Star/Delta Isolation Tx For shore supplies

Hi All,

First post so take it easy!

We have a requirement to design an installation using a star/delta isolation transformer to feed shore supply sockets to power and charge new tram/trains (Believe first of their kind in the UK). I am trying to get an understanding of the implications, and what we need to consider in the design as this Tx will be installed within the building supplied from the buildings existing LV system. The trains on board converter has a DC link to ground which could cause earth leakage hence the request for a Star Delta Tx to prevent tripping of the buildings LV supply.  

From my understanding we will need to install insulation monitoring for first fault conditions and on 2nd fault condition will isolate the circuit (An IT System). The train does not require a neutral or CPC (But will we need a CPC to comply with BS7671? If so how does this connect to a delta winding?).  But where I am getting confused is the earthing side of things. Everything within the building including the rails the trains sits on, is bonded back to the building MET. Is there a risk of different potentials within the area? or because they are bonded back to the building MET they will remain at the same potential as this system supplies the Isolation Tx? I may be over thinking this but have never come across this before so eager to educate myself.




  • The train does not require a neutral or CPC (But will we need a CPC to comply with BS7671? If so how does this connect to a delta winding?).

    I thought star/delta transformers were normally the other way around - delta on the primary and star on the secondary (at least that's how I understand the DNOs do it). Any wayward earth leakage on the secondary side returns to the secondary star point and so doesn't affect the upstream installation.

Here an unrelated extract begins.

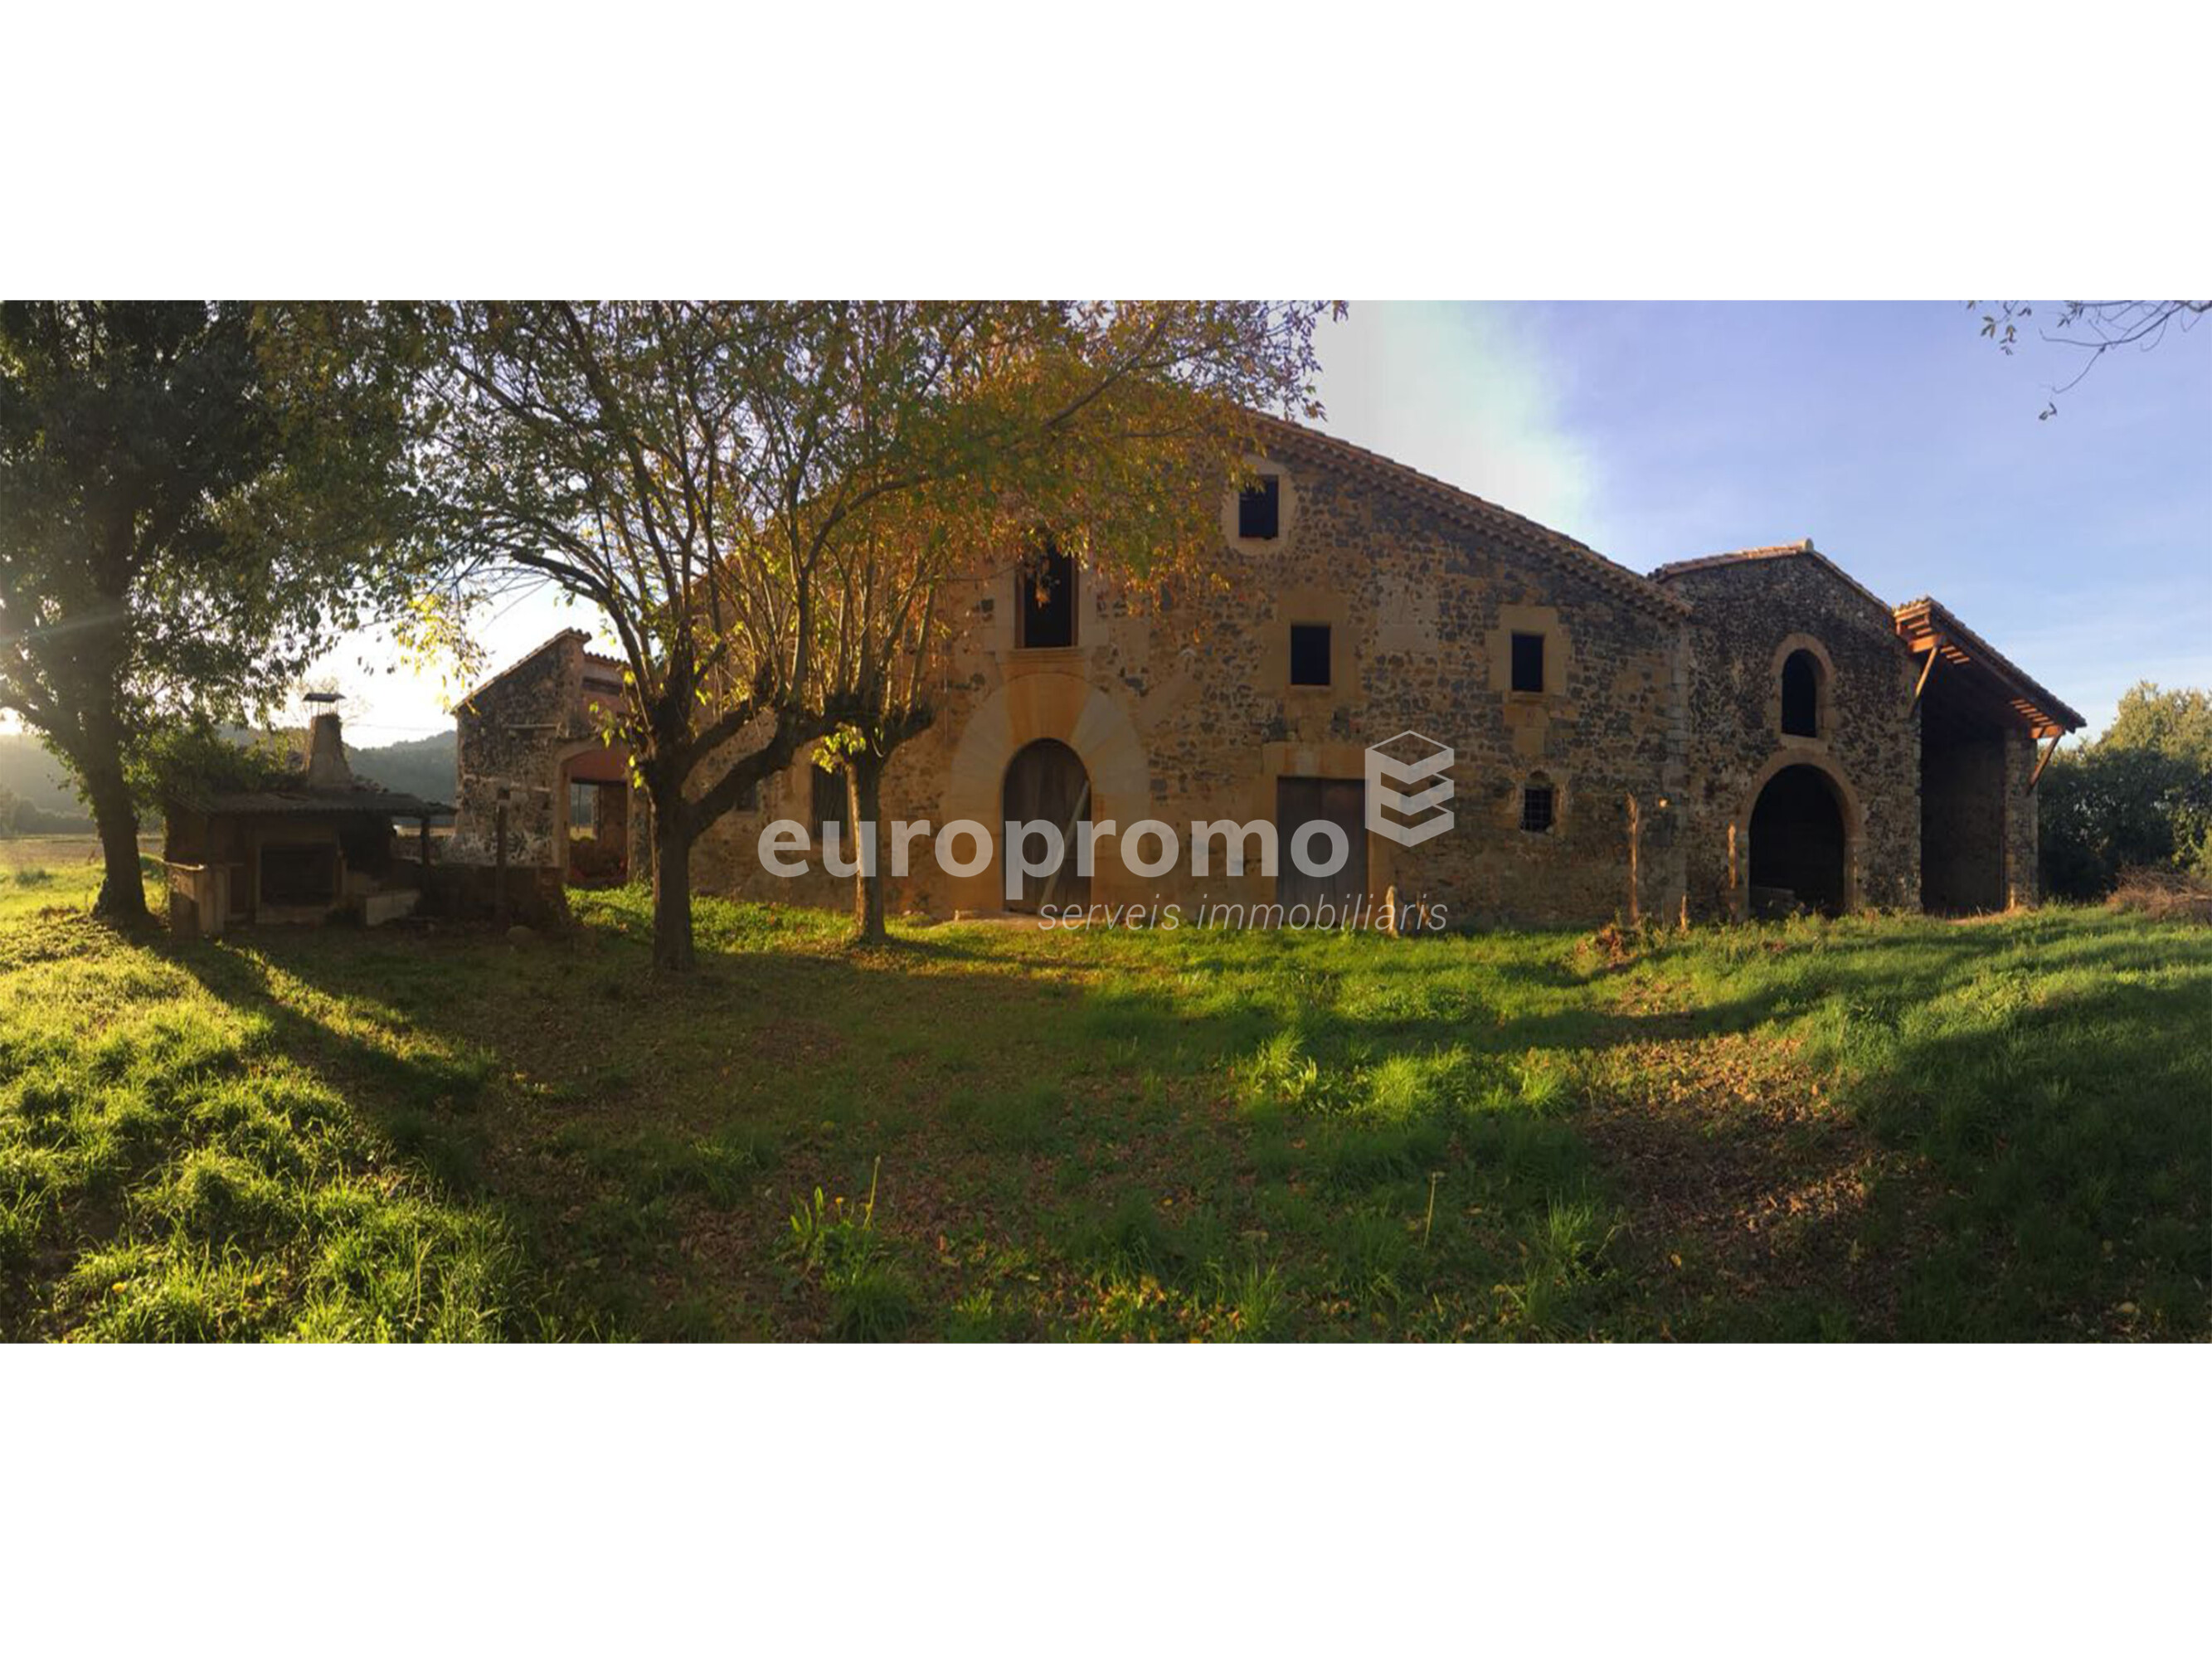 Fantàstica masia a Canet d'Adri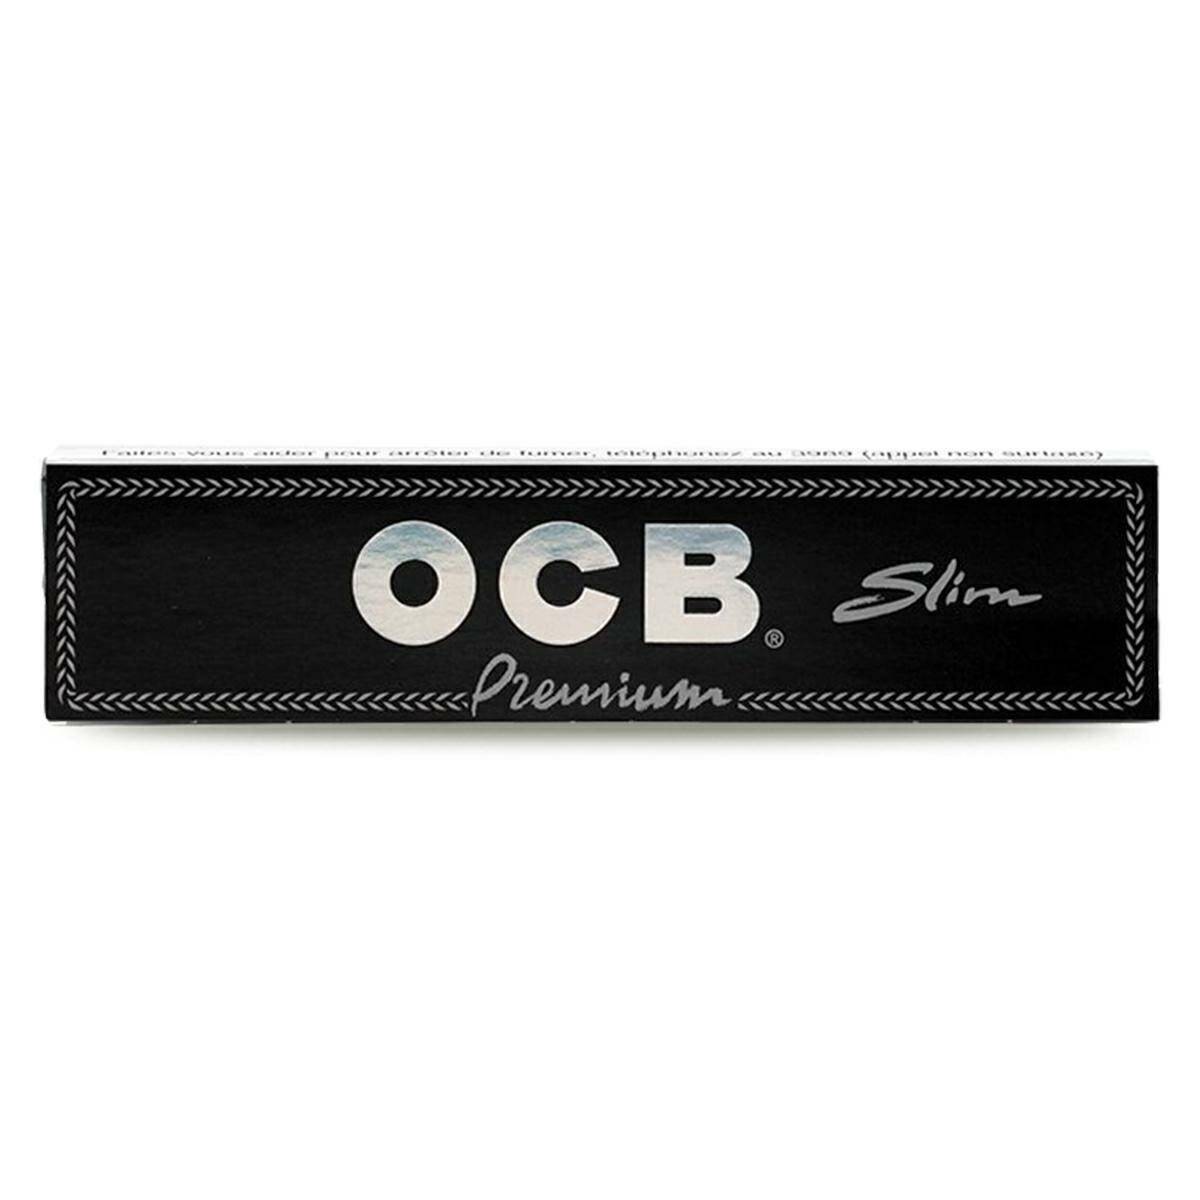 OCB Slim Premium (Photo 1)

    +1 for checking whether BS 7671 is relevant. "Railway traction equipment" is specifically excluded (110.2 (ii)) - but whether a supply used to charge a battery which is then used (at a different moment in time) for traction, does or does not come under that heading,  is I suspect not clear (I can't imagine it was the sort of thing that would have been considered when the words were originally written). That said, the underlying physics and most of the safety principles will be the same regardless of which standard it falls under.

       - Andy.

  • please forgive a daft question here. all stray currents must return to their source, so any stray DC should return to the AC/DC converter rather than to the AC source. if the AC/DC converter isolates the DC from the AC, then will there be any stray currents on the AC side (other than the nuisance currents through the earth that we see with all traction)?